### EXERCISE INSTRUCTIONS:
Output word for word the lines from the one with "Attic badkamer interieur" to the final line of the data, both ends included, but skip the pictures.

*** Opening of DATASET EXCERPT ***

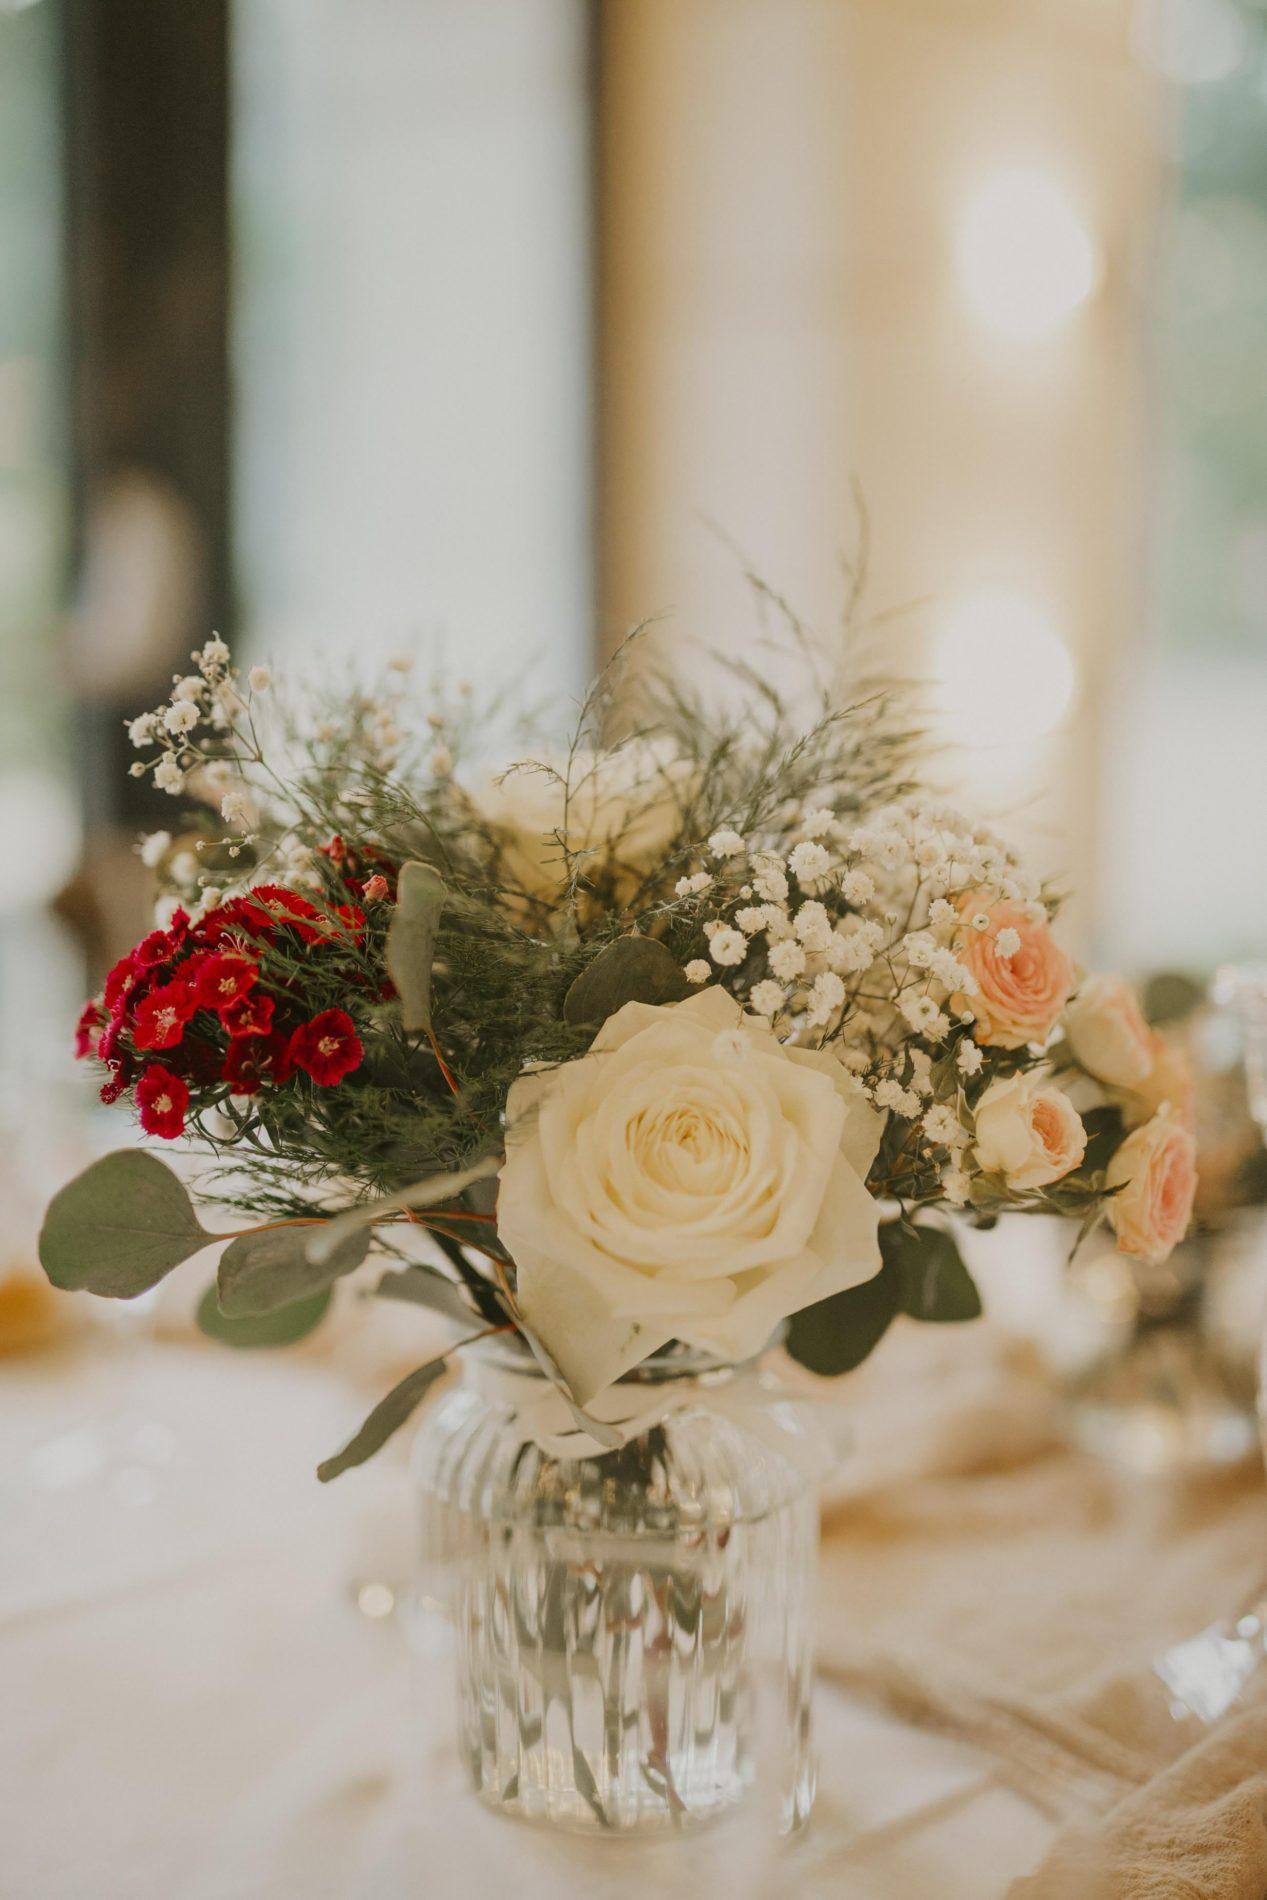 0148_04-CelineSereivuth-150-obonheurdesdames-decoration-mariage-location-Jordane-Chaillou
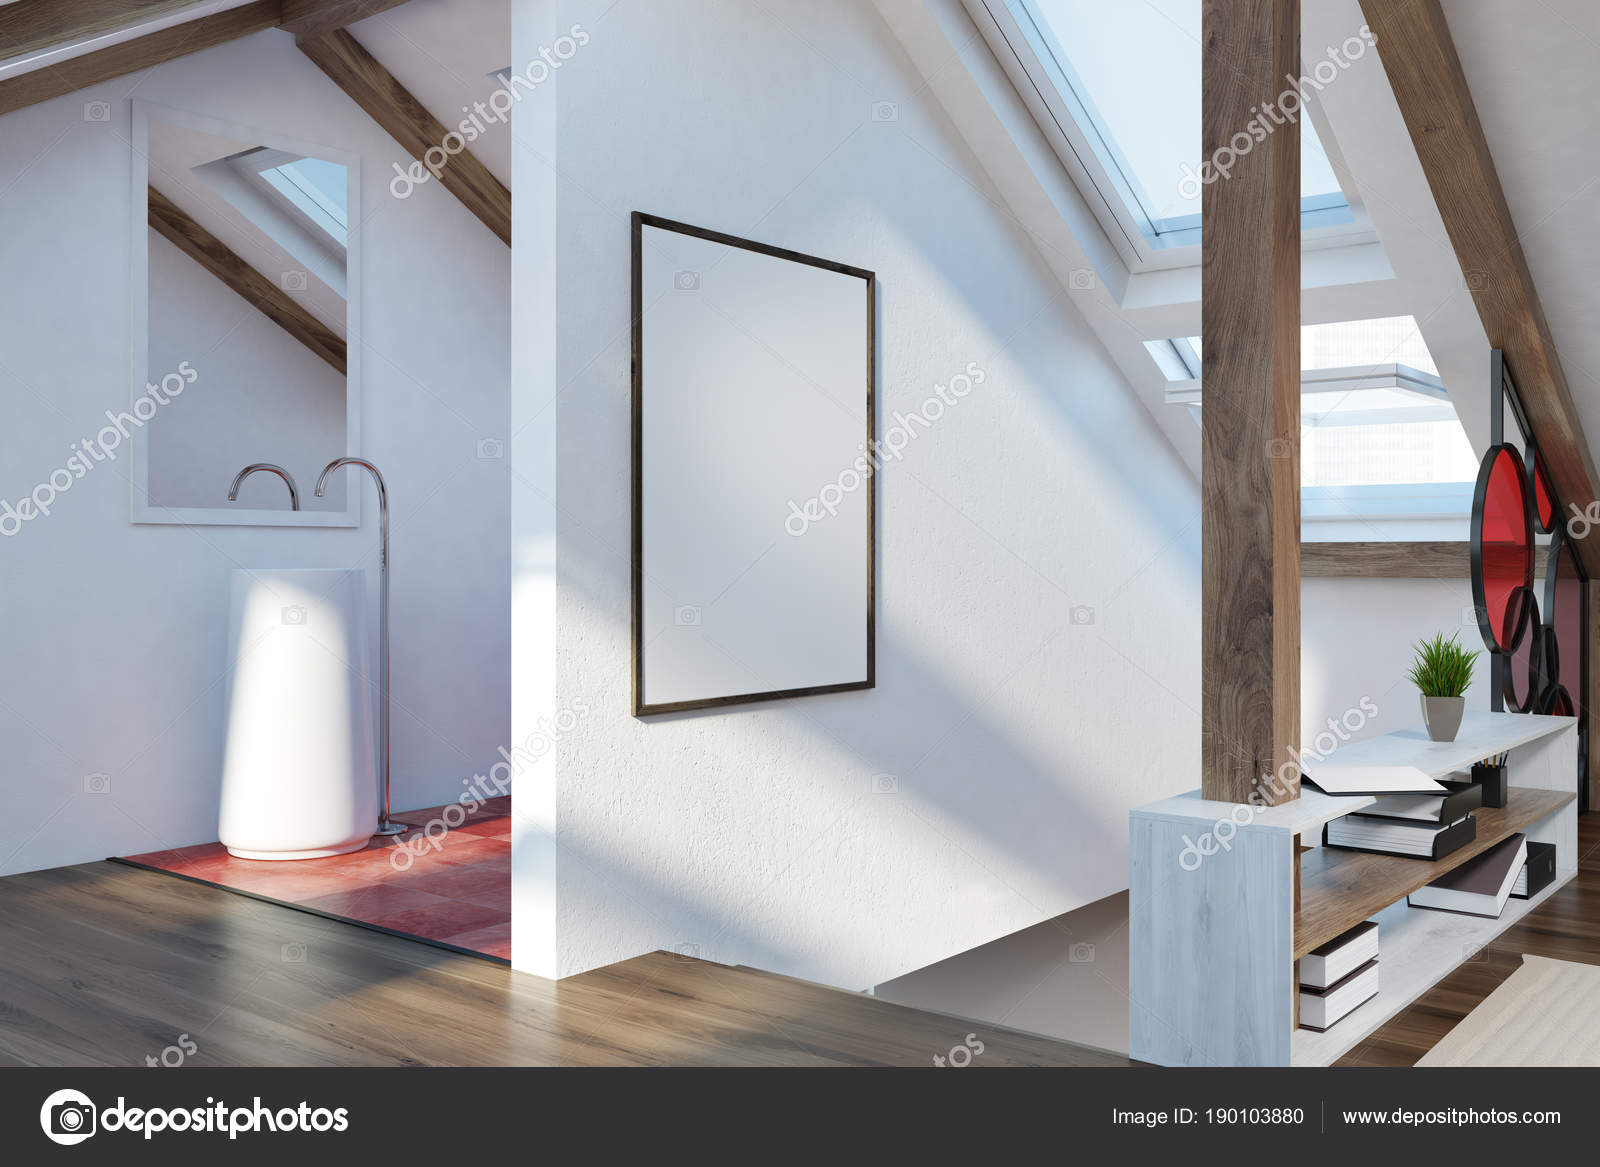 Attic badkamer interieur poster u2014 stockfoto © denisismagilov #190103880
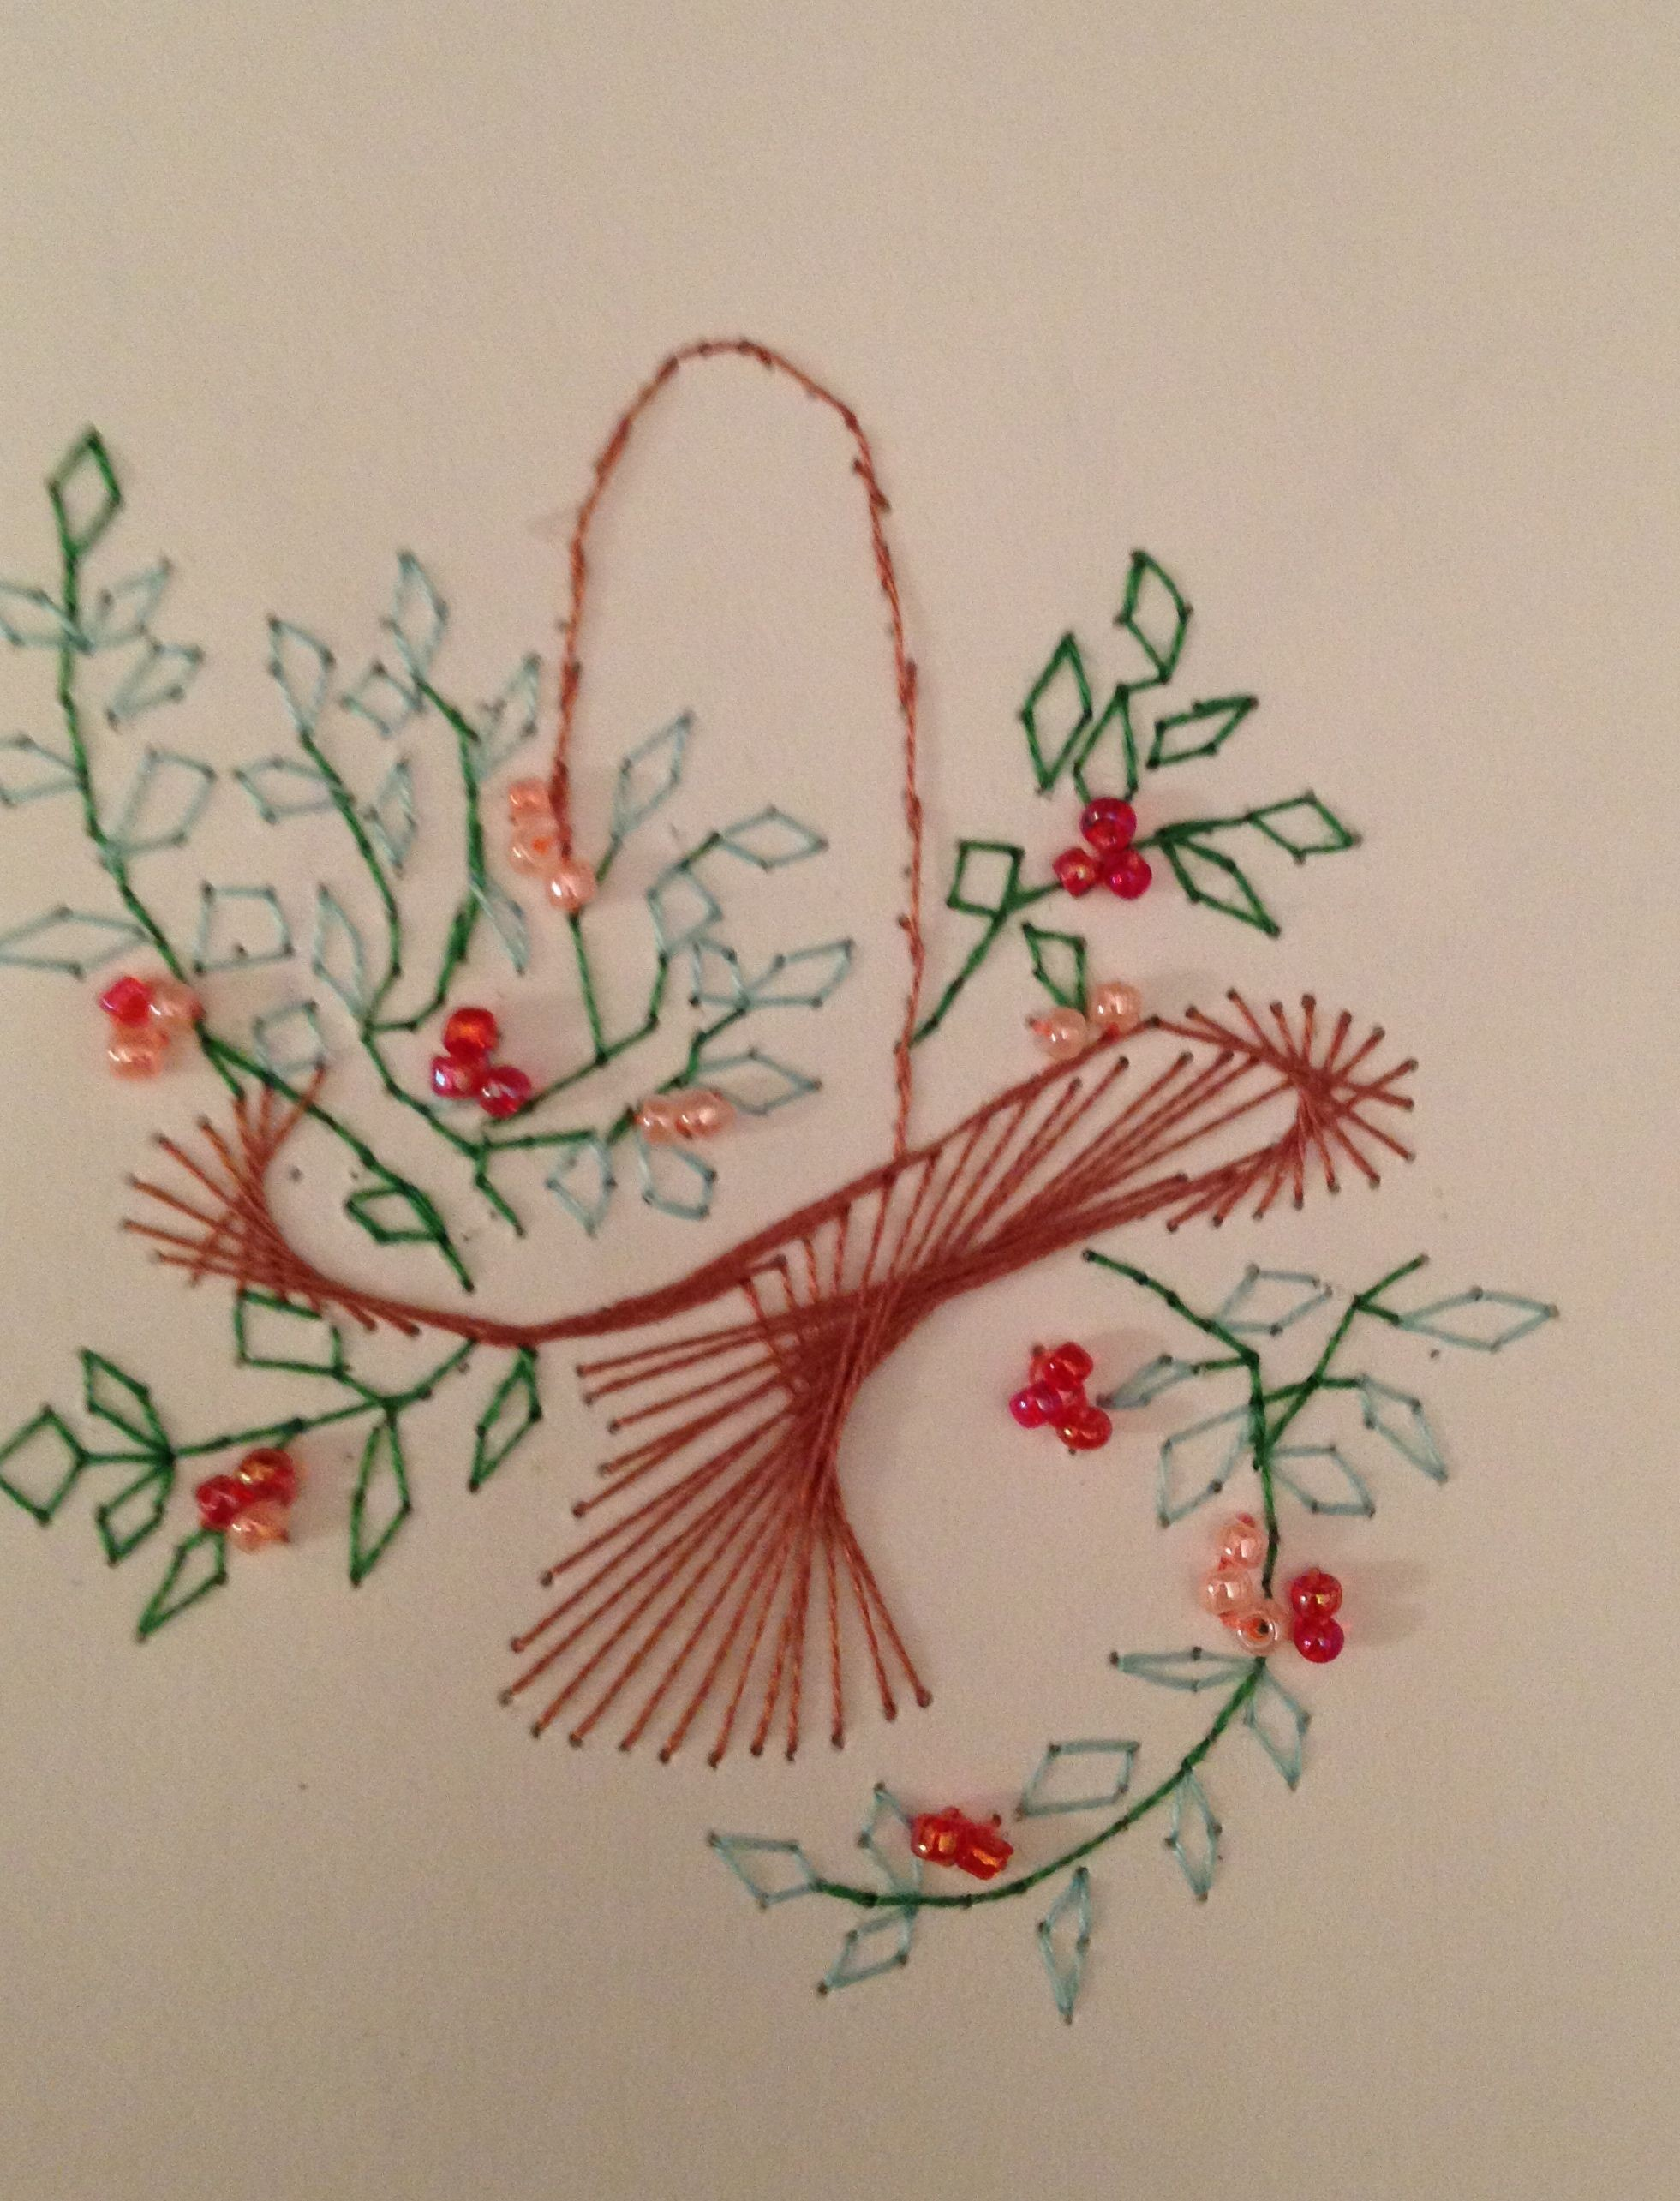 Stitch Papercraft Flower Basket Stitching Card by Pamela Turner

*** Close of DATASET EXCERPT ***

### WRITTEN ANSWER:
 Attic badkamer interieur poster u2014 stockfoto © denisismagilov #190103880
 Stitch Papercraft Flower Basket Stitching Card by Pamela Turner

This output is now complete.